If this statement is tested with b=0 and c=0 you will have covered the line, but you would get the same simulation result if the operation was multiply, add, logical-and or logical-or, so the functionality has not been covered (verified). If extra measurements are used to ensure a range of values are passed through b and c you can be confident that the functionality of this example line has been fully covered.

Regression Testing

Coverage analysis can be used as criteria for regression test suite selection. In most cases the test suite for a design will cover the same code over and over again. From a coverage analysis point of view some of these tests are redundant. This situation is very common when using pseudo random test generation. The results of coverage analysis can be used to identify those tests that do not improve the coverage. These `redundant' tests could be omitted for short regression suites for example nightly or weekly runs. By sorting your test runs in this way you can ensure the maximum amount of your HDL code is tested by the regression tests. It also ensures the regression suite is short enough to be executed in the time available, for example overnight. The amount of redundancy in a regression suite varies greatly from company to company and design-to-design. Reductions of 10:1 are possible and have been achieved. The sorting of tests can be made more sophisticated by using different coverage criteria for different levels of regression testing. Nightly regression suites, for example, could be selected using the most basic coverage analysis measurements. Weekly suites could be selected using the rest of the coverage measurements and the remaining tests could be added for the monthly regression suite.

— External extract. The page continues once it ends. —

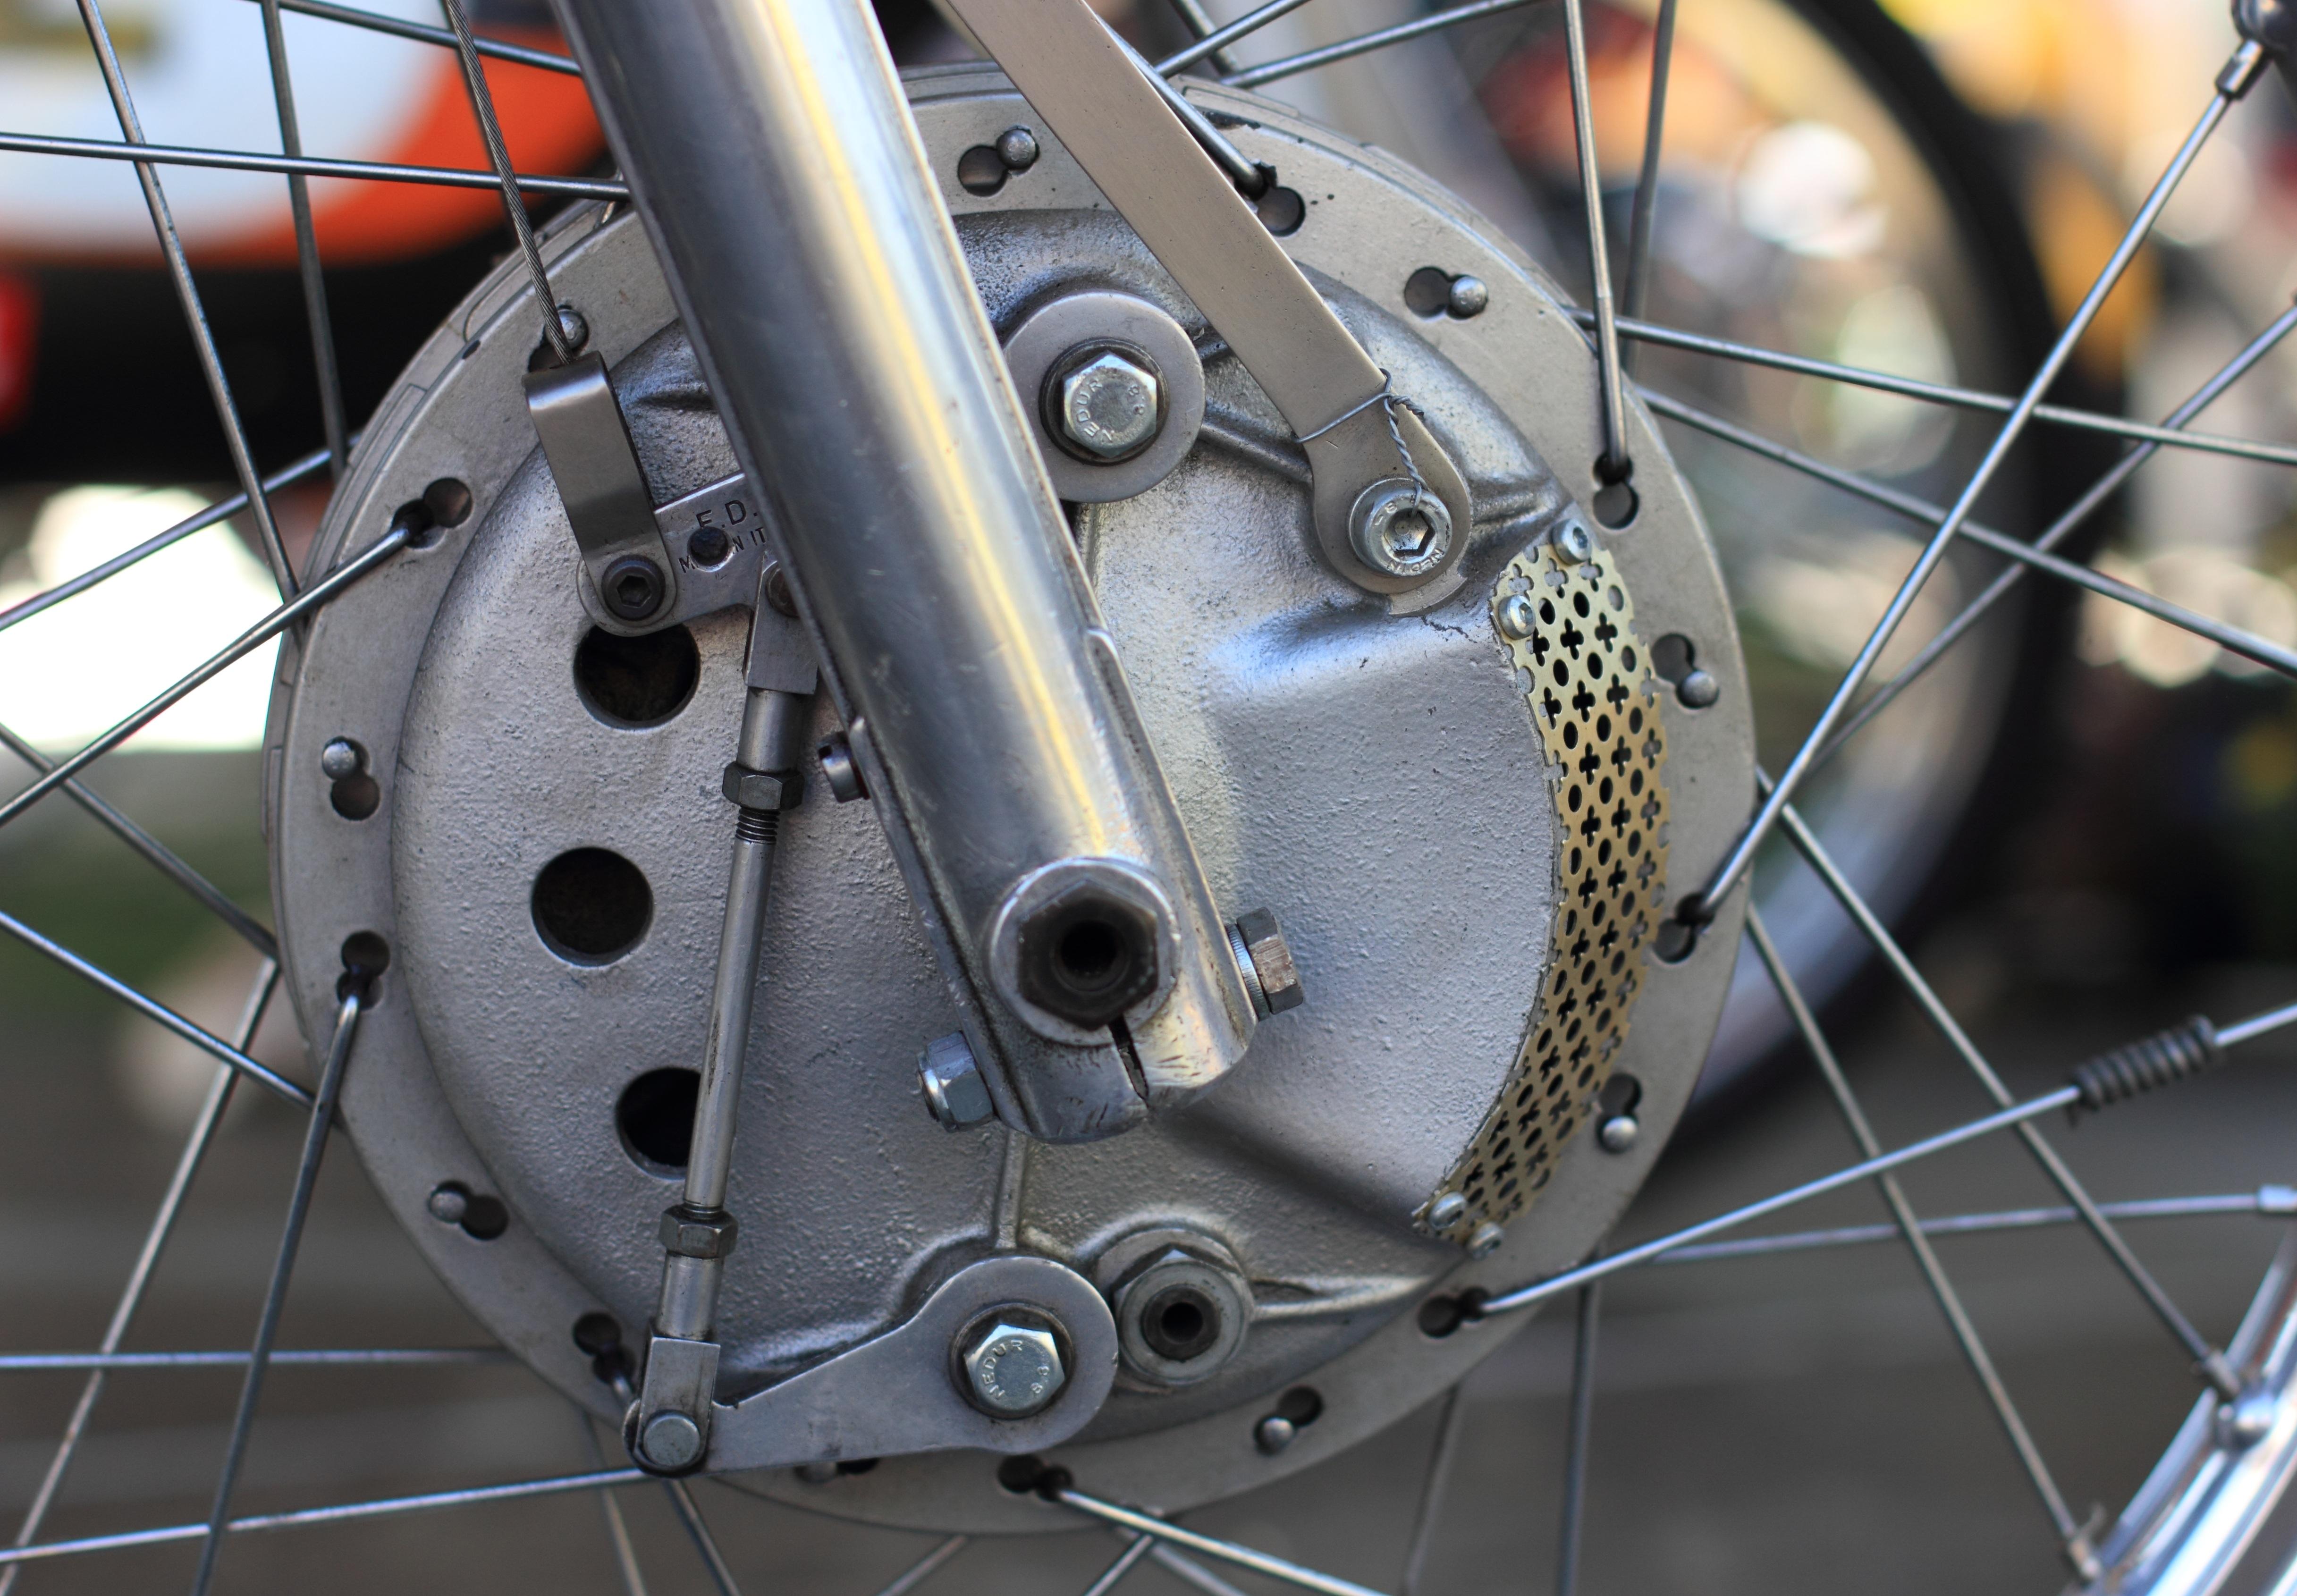 Kostenlose foto : Rad, Treffen, Fahrzeug, Speiche, Motorrad, Trommel ...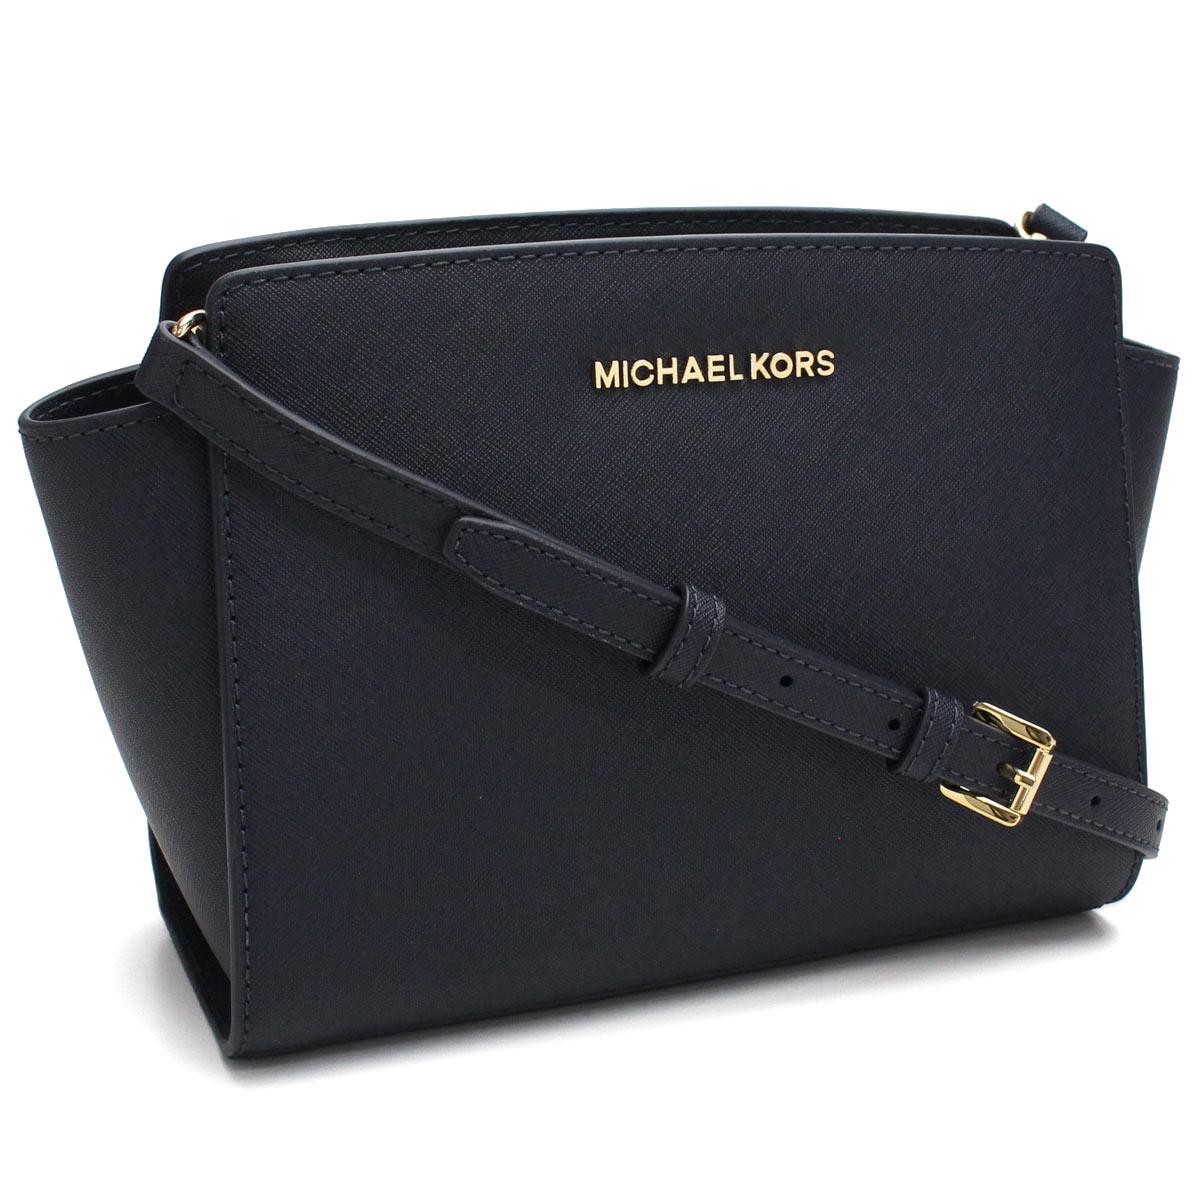 b98ab8137b9f Bighit The total brand wholesale  Take Michael Kors (MICHAEL KORS) SELMA  Selma slant  shoulder bag 30T3GLMM2L ADMIRAL navy system

With most coverage analysis tools this regression suite sorting would have to be done manually or with scripts written by the user, however Verification Navigator from TransEDA has this regression suite ordering capability built in.

Gate Level Testing

At gate level the design is purely structural so the use of coverage analysis tools is limited. Only those coverage tools that provide toggle coverage such as Verification Navigator from TransEDA give any benefit at this stage. Toggle coverage is a check to see if the tests can apply both 0 and 1 value on all the signals in the design.

At gate level, however, toggle coverage has another important use in that it can be used as a pre-cursor to gate level fault simulation which is performed to generate tests to check the manufactured device.

Effective fault simulation relies on two circuit parameters, namely, Controllability and Observability. Controllability tests whether a 0 and a 1 can be applied to each node in the circuit, Observability checks whether the effect of a fault on each node in the circuit can be observed at the output pins.

A high value for controllability is critical for good fault simulation results and because there is a 100% correlation between toggle coverage and controllability, a high value for toggle coverage is necessary for good fault simulation results. But, because toggle coverage is run on the normal functional simulation, it is much faster than fault simulation and therefore more efficient than using fault simulation from the outset.